Governance and liability – The three‑layer model (model, harness, external context) clarifies responsibility. Errors traced to a missing rule belong to the context engineering team; model‑level hallucinations remain the provider’s liability. Companies can now embed audit logs (automatically captured by the harness) into their compliance pipelines.
Talent strategy – Architects become context curators rather than code writers. Upskilling pathways focus on:
- Defining context artifacts (skills, rules, scripts).
- Building evaluation suites for non‑deterministic outputs.
- Managing micro‑service orchestration platforms.

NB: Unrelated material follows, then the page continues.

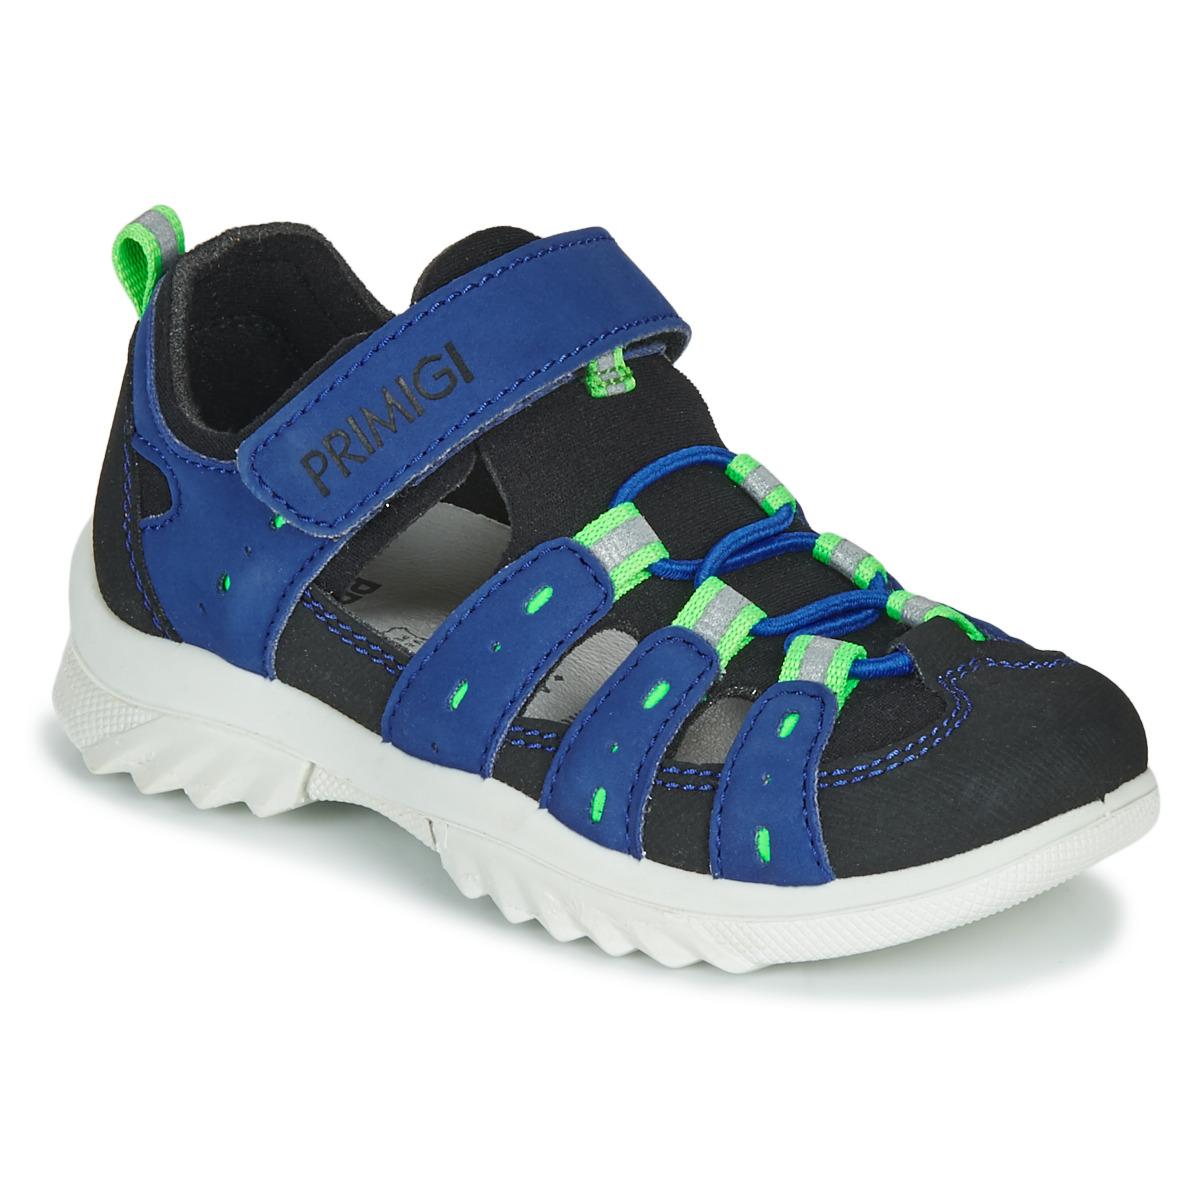 Comedia de enredo Esperar Prever  Primigi 5371822 Blue / Black - Free Delivery with Rubbersole.co.uk ! -  Shoes Sandals Child £ 53.54

This shift reduces reliance on senior developers for manual code reviews and opens career tracks for domain experts who excel at specification writing.

Getting started

Read the official Tessl documentation – it explains how to package skills and rules as versioned artifacts: https://tessl.io/docs.
Experiment with the Intent Integrity Kit – a minimal open‑source demo is on GitHub: https://github.com/tessl/intent‑integrity‑kit.
Pick a cloud provider and enable its RAG service; then wire a simple spec → skill → micro‑service pipeline using the provider’s SDKs.
Measure the spec‑to‑code quality with a tool like SonarQube; iterate on the context until the generated code meets your quality gate.

Outlook

Baruch predicts that within three years the orchestration layer itself will become an autonomous agent capable of composing micro‑services without human intervention. Until then, the architecture stack looks like a classic three‑tier model – specs (source of truth) → AI‑generated services → human‑orchestrated integration – but the economics and risk profile have fundamentally changed.